Someone claiming to be a convict serving his sentence at Zomba Maximum Prison called me on Friday last week.
“Abwana, kuno ku Zomba Maximum Prison, ife akaidi tili pa chiopsezo chachikulu. Anthu 17 awapeza ndi corona. Awatsamutsira mu chipinda china. Tili ndi mantha chifukwa tikuchita share nawo same ventilation. Tithandizeni.” (Boss, I am calling from Zomba Maximum Prison. Please help us publicise this. It’s about our safety. Seventeen inmates have tested positive for corona virus. Our worry is that they have just been isolated from other inmates and put in one room—previously occupied by those on remand—just next to our room. The problem is that although they are in another room, we share the same ventilation facilities with them).”

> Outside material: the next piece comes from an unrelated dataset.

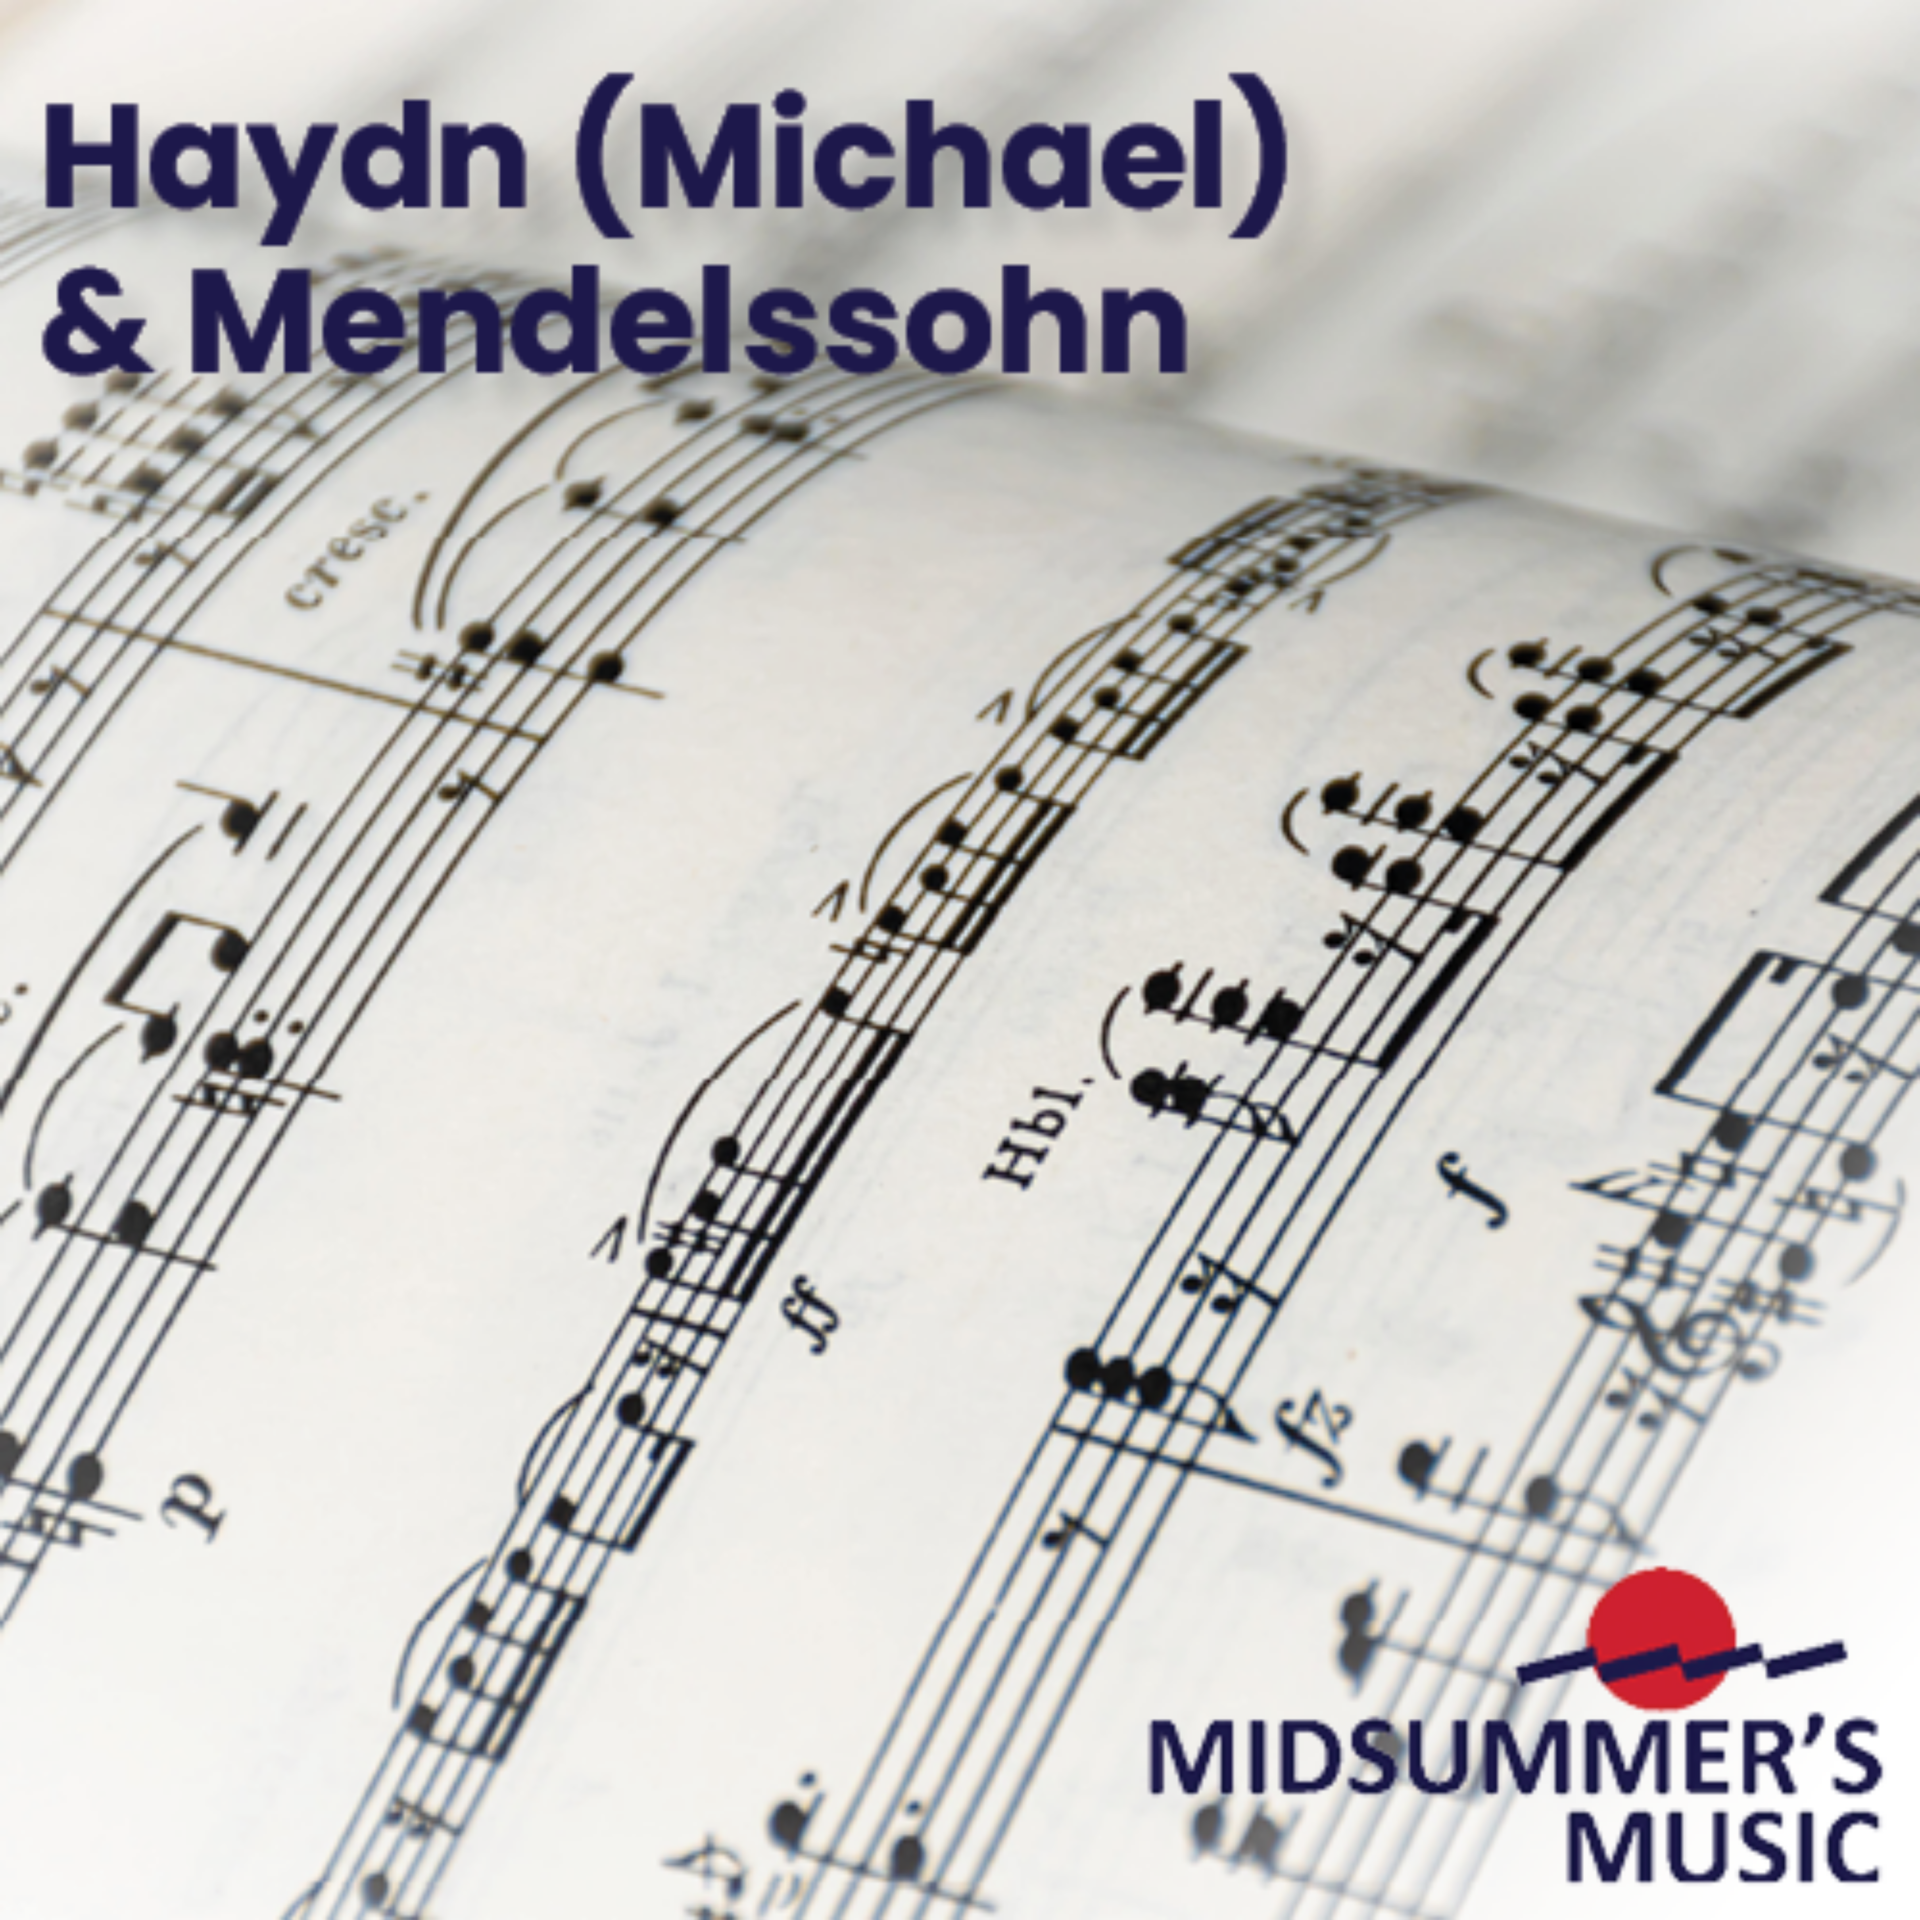 Haydn (Michael) & Mendelssohn: Midsummer's Music, July 23rd

This was just a claim usually glorified as a news tip in journalistic language. Our job was to verify this claim and dig further. So in no time someone was on it. But we hit a wall. The Prisons spokesman dismissed us by saying he had no comment then as his institution would release a statement on the Covid-19 situation in the Prisons on Monday. On Monday we waited. There was no statement. Tuesday. Nothing. The said statement came on Wednesday with a positive spin that the Prisons Department had intensified Covid-19 testing and that so far 17 people—15 inmates and two warders had tested positive for Covid-19. The 17 had been isolated accordingly.

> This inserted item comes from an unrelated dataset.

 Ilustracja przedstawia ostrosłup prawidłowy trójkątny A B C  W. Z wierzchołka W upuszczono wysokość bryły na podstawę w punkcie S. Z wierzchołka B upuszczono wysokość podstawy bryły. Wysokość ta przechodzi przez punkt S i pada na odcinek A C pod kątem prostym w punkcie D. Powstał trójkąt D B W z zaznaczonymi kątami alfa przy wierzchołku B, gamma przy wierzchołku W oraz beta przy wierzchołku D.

So our inmate informer was not far from truth after all in terms of the veracity of the information. Save for the insignificant difference that two of the 17 are warders. And that was seven days earlier. But for reasons best known to Prisons, they could not come forth with information when we and the public needed it most.
The point I am making is why hide or withhold vital information from the public when such information would save a life? Unfortunately, this is still the culture in most public institutions. Not that the private sector is any better. But in the public sector, the problem is aggravated by bureaucracy. The institutions’ spokesperson wants to get approval from his or her bosses first before releasing anything to the media.
Ordinarily this is normal. But what is abnormal is that the approval process takes forever. Meanwhile someone would have benefitted from the information that is being kept under wraps if the approval was made a little earlier. Much more so in this Covid-19 pandemic era. Going public about ones or an institution’s Covid-19 status triggers a chain of life-saving activities such as contact tracing and testing and in that way so much is achieved. But so far it remains a serious problem in the country.
Kudos to those who after suspecting something they have been proactive and taken precautionary measures and got tested. Many thanks to those who have gone further to alert friends and relatives about their status especially after testing positive for Covid-19. We are in a very difficult situation. This second wave of Covid-19 is hard hitting. The new cases running in several hundreds every day are novel and increasing exponentially. Imagine 40 deaths in 48 hours! The figures about the dead are not just statistics. They are about people we know. People we have interacted with, people we pray with, people we have an emotional attachment to.
There is palpable fear among the people everywhere you go. No one wants to mingle with anybody or go into crowed places and yet we have to survive. And to do so you have to go places. We are a nation in distress. The presidential panic button declaring a state of national disaster could not have come later.
This is the more reason by now the Presidential Task Force on Covid-19 ought to have engaged an extra gear after the President ordered it to work out measures and a strategy on the same.
This article goes to press on Thursday but the newspaper only comes out on Saturday. Hopefully by the time you will be reading this article the taskforce will have escalated the distress button and announced serious measures on the way forward for the country to contain the pandemic.
That is why not only the Prisons Department but everybody and all institutions—public as well as private—should be handy with information on Covid-19. When individuals and organisations withhold information on the pandemic, they fail to play their role of empowering the nation to contain the pandemic. They are accomplices in genocide in the true definition of the term.